If there are structural members within, say, a meter of the hoses, would that work?  I don't know.

On the other hand, if you have one structural member latched onto the QD and one latched several meters away, I'm pretty confident the pair would bear the loads pretty easily.

The rare (or maybe not so rare) "Argument from I Didn't Feel Like Doing The Math."

Challenged accepted--sorta.  See below.

Quote
NASA seems to have no problem with structural connections close to fluid connections (see: all their docking standards), so why should TheRadicalModerate?

It's not a question of structural connections close to fluid connections.  It's a question of whether you can build a structural connection that couples reliably and can still support the worst-case torsion of the system.

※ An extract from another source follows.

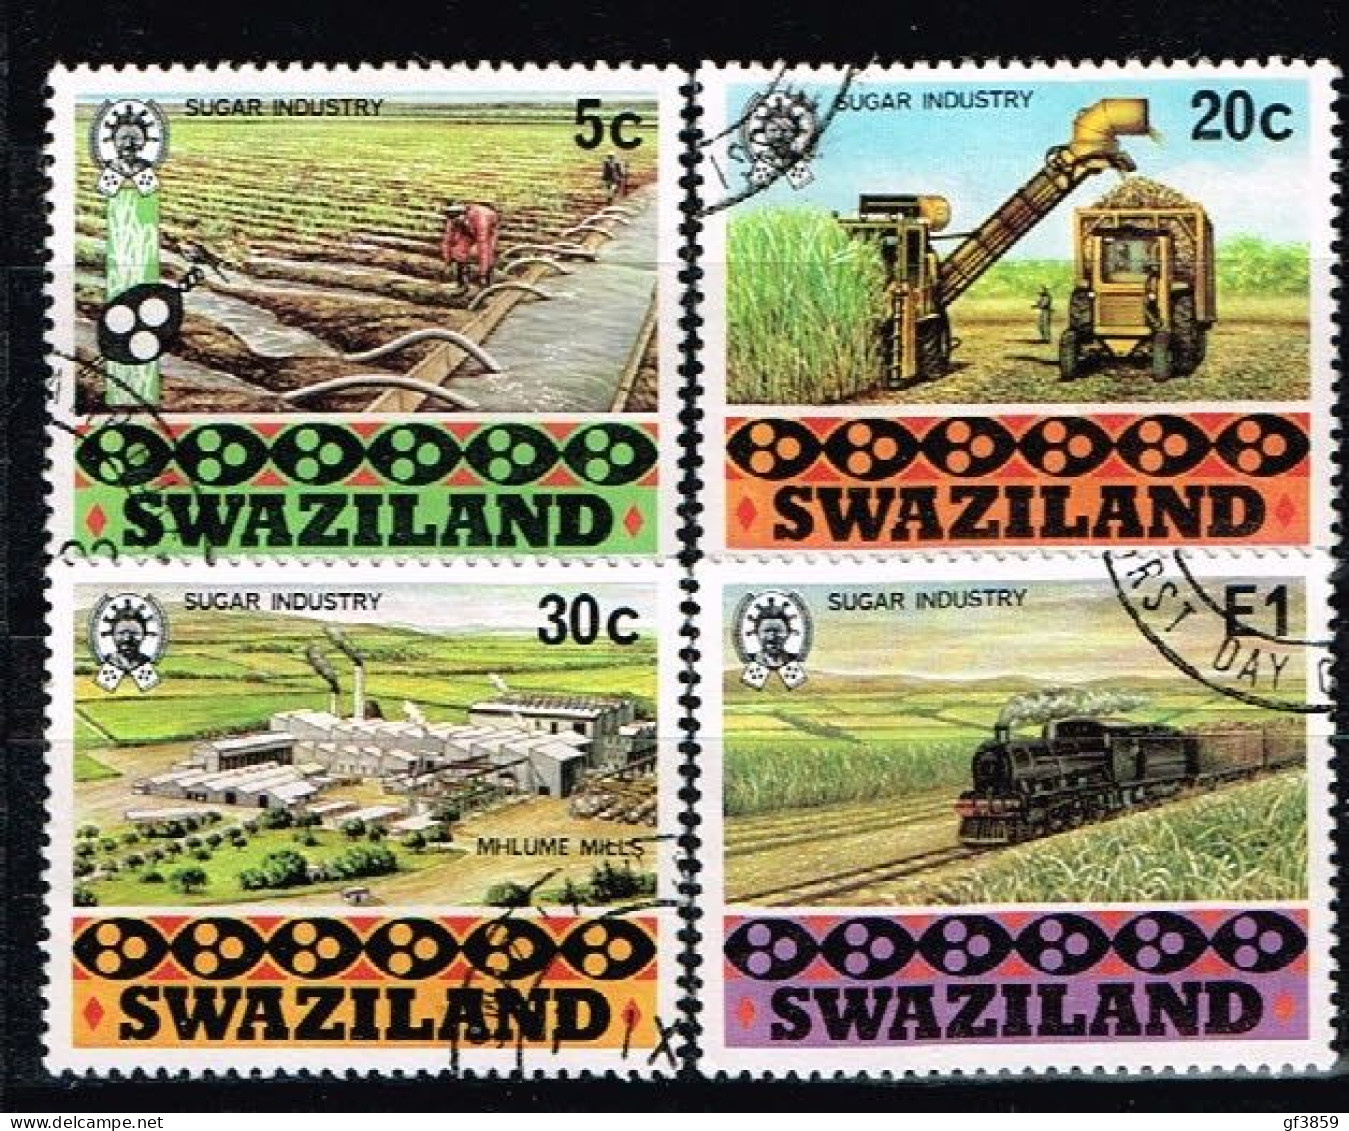 SWAZILAND / Oblitérés /Used / 1982 -  Industrie Sucrière De La Canne A Sucre - Swaziland (1968-...)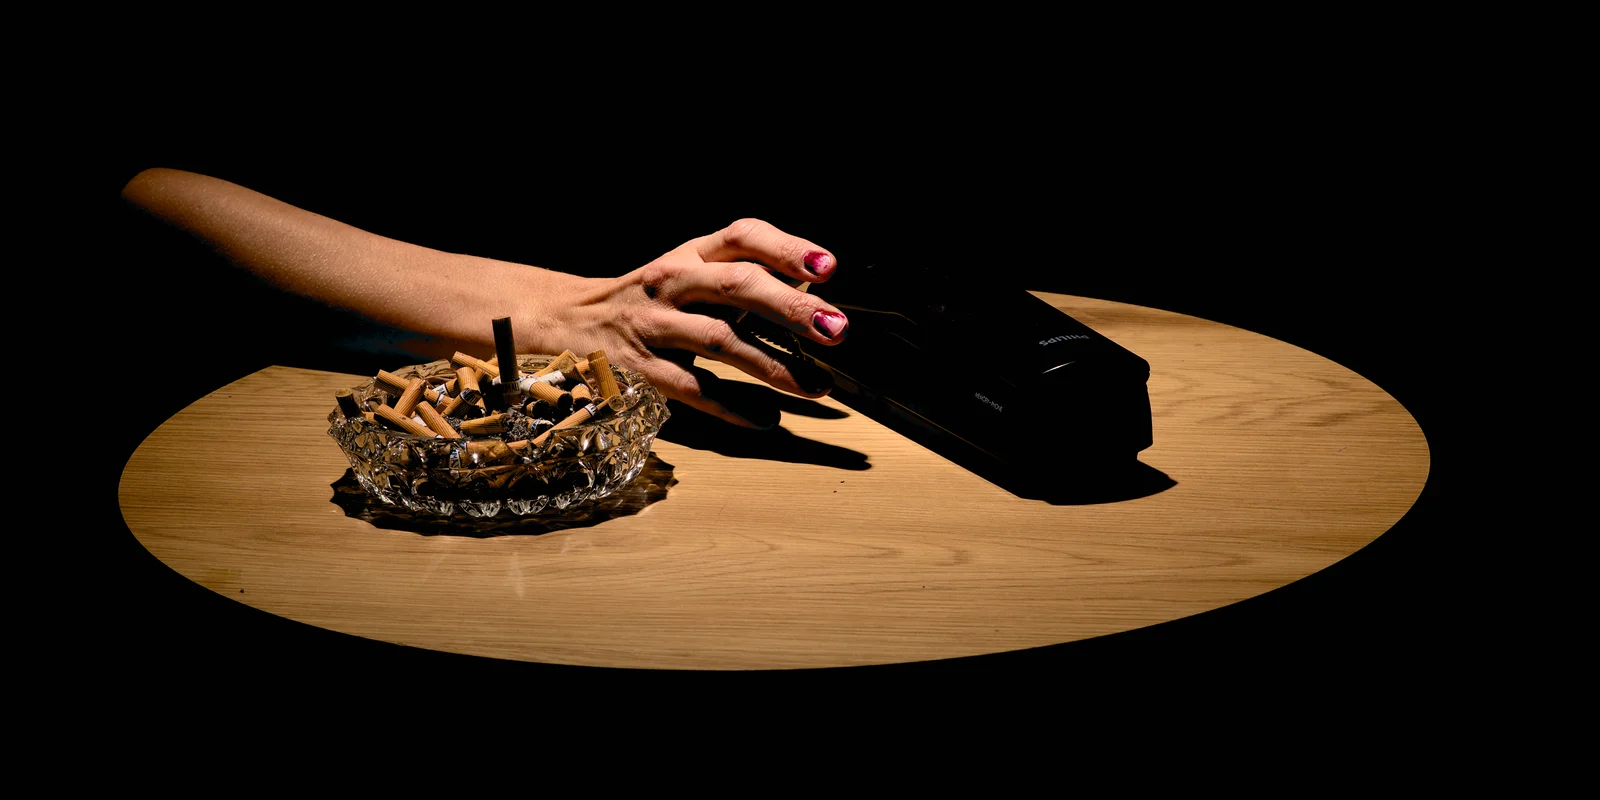 Ein Tisch, darauf ein voller Aschenbecher, von der linken Seite greift eine Hand nach einem Telefonhörer.

You want to put the connection waaaaaaaay at the back of the vehicle, far from the center of gravity, and you want a soft-dock instead of a grapple/berthing.  (You can't do a grapple without an arm, and that really will mess up the aerodynamics, even if your androgynous QD plate doesn't.)  That subjects the vehicle to two separate torsional risks:

1) An RCS error (stuck thruster, software problem, etc.).  This is dependent on the RCS thruster, for which we don't know the thrust.  But to have decent control authority over a 270t vehicle that's 50m long, it's fair to say that the thrust isn't going to be as small as on most other vehicles.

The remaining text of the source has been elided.